REQUIRED ACTION = Working from the records below, repeat exactly the lines starting at the line that contains "Left: A portrait" and ending at the line that contains "A One-of-a-Kind First", inclusive.

##### DATA IN THIS EXERCISE #####

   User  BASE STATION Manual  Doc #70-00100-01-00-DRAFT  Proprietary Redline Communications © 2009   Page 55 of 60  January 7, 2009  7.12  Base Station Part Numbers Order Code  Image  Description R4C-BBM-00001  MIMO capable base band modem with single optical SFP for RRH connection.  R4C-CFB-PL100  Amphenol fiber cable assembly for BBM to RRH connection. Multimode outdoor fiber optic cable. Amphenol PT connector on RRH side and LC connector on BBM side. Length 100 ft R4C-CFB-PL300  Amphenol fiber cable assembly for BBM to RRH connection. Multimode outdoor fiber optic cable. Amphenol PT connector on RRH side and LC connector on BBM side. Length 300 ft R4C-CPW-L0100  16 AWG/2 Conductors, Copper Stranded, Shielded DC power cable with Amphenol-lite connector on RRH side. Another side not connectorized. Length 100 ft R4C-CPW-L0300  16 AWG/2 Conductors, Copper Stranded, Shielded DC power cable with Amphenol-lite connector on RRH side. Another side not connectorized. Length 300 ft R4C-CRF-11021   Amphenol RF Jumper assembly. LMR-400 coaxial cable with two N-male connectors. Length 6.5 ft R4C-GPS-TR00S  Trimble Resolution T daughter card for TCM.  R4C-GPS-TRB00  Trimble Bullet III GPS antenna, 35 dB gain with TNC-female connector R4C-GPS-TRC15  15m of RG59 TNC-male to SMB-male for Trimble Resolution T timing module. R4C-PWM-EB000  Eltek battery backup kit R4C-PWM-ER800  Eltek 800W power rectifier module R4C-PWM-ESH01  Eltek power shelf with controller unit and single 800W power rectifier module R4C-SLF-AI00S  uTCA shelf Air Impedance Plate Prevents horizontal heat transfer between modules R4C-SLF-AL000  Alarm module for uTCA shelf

#####
##### DATA IN THIS EXERCISE #####

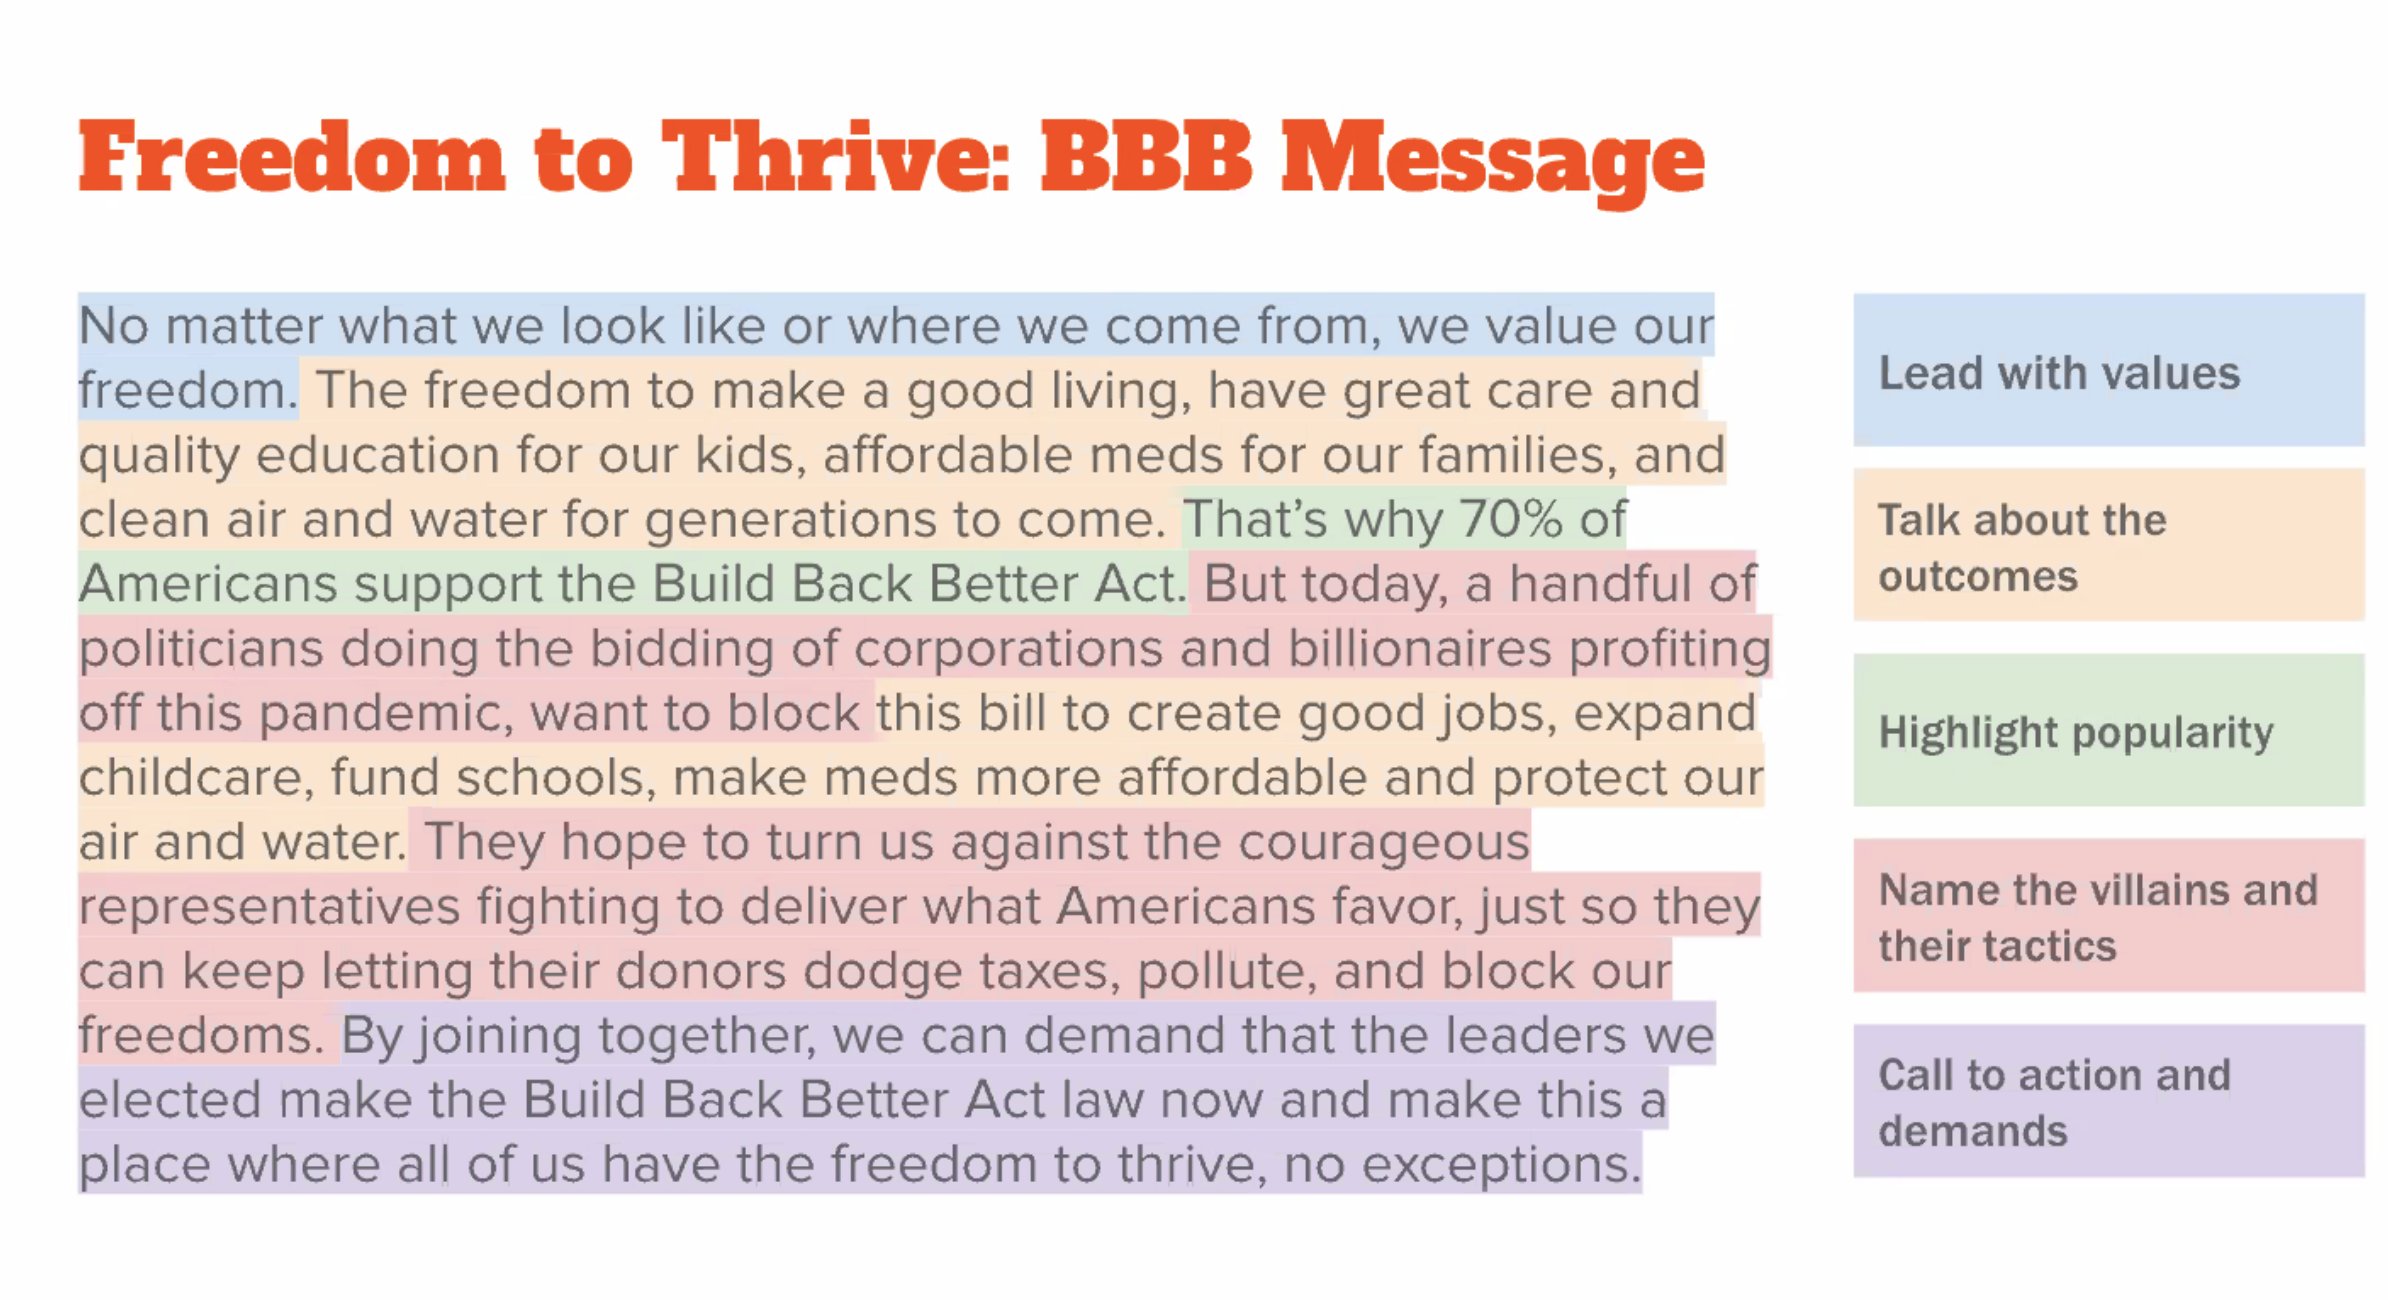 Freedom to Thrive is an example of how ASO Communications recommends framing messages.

#####
##### DATA IN THIS EXERCISE #####

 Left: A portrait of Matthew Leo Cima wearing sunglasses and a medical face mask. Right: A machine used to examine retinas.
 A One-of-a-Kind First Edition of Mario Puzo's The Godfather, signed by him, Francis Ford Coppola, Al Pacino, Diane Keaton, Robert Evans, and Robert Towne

#####

ANSWER BOX =
 Left: A portrait of Matthew Leo Cima wearing sunglasses and a medical face mask. Right: A machine used to examine retinas.
 A One-of-a-Kind First Edition of Mario Puzo's The Godfather, signed by him, Francis Ford Coppola, Al Pacino, Diane Keaton, Robert Evans, and Robert Towne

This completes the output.